Gene expression levels of multiple immune stimulatory molecules including CD80, CD86, OX40L, 4-1BB, ICOS, CD127 were analyzed in “mesenchymal” lung adenocarcinoma versus “epithelial” lung adenocarcinoma in tumor tissues from (A) TCGA, (B) PROSPECT. Gene expression of IFN-γ and IFN-γ inducible genes including CXCL10 and IDO were also analyzed in “mesenchymal” in comparison to “epithelial” lung adenocarcinoma in tumor tissues from (C) TCGA, (D) PROSPECT.
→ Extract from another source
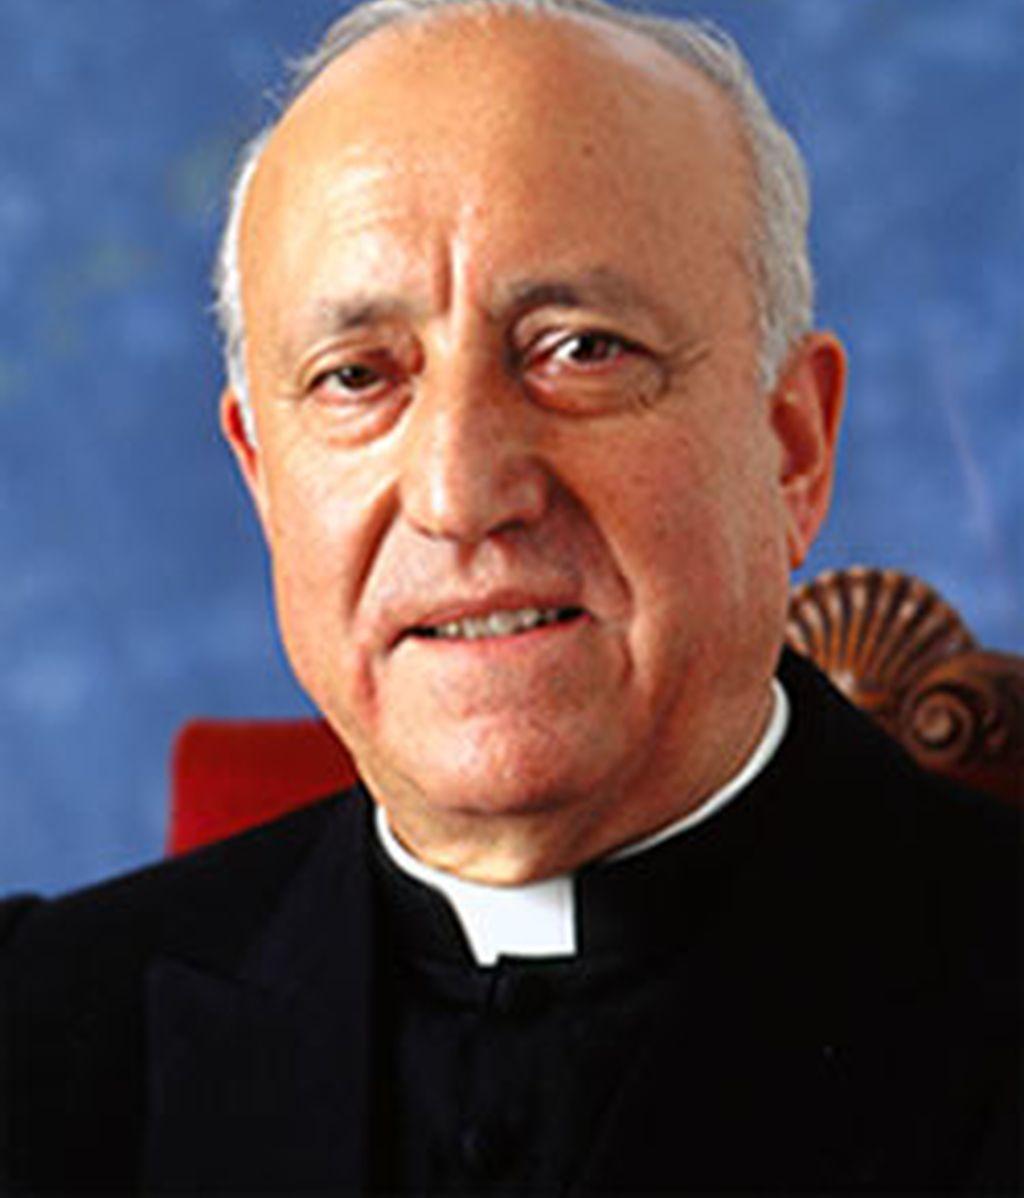 El cardenal Agustín García-Gasco.

Figure 5. EMT is not associated with tumor mutational burden

Non-silent mutational rate, transversion rate and TP53 mutation of TCGA lung adenocarcinoma samples were included in the analysis. (A) Spearman correlation between non-silent mutational rate per Mb and EMT score. (B) Non-silent mutational rate in “epithelial” versus “mesenchymal” lung adenocarcinoma. (C) Non-silent mutational rate in TP53 mutant versus TP53 wild-type lung adenocarcinoma. (D) Non-silent mutational rate in TP53 mutant versus wild-type lung adenocarcinoma further separated by molecular smoking exposure via transversion high and low. (E) Non-silent mutational rate in “epithelial” versus “mesenchymal” lung adenocarcinoma further separated by molecular smoking exposure via transversion high and low.

Figure 6. B7-H3 is associated with poor OS and RFS in lung adenocarcinoma

The probability of overall survival and recurrence free survival of patients from PROSPECT were analyzed by dividing the patients into either high or low group based on the expression levels of each immune checkpoint molecule or EMT score. Patients with gene expression levels higher or lower than average expression level of each gene or EMT score are considered as high or low respectively. (A) Overall survival, (B) Recurrence free survival. Both are from PROSPECT.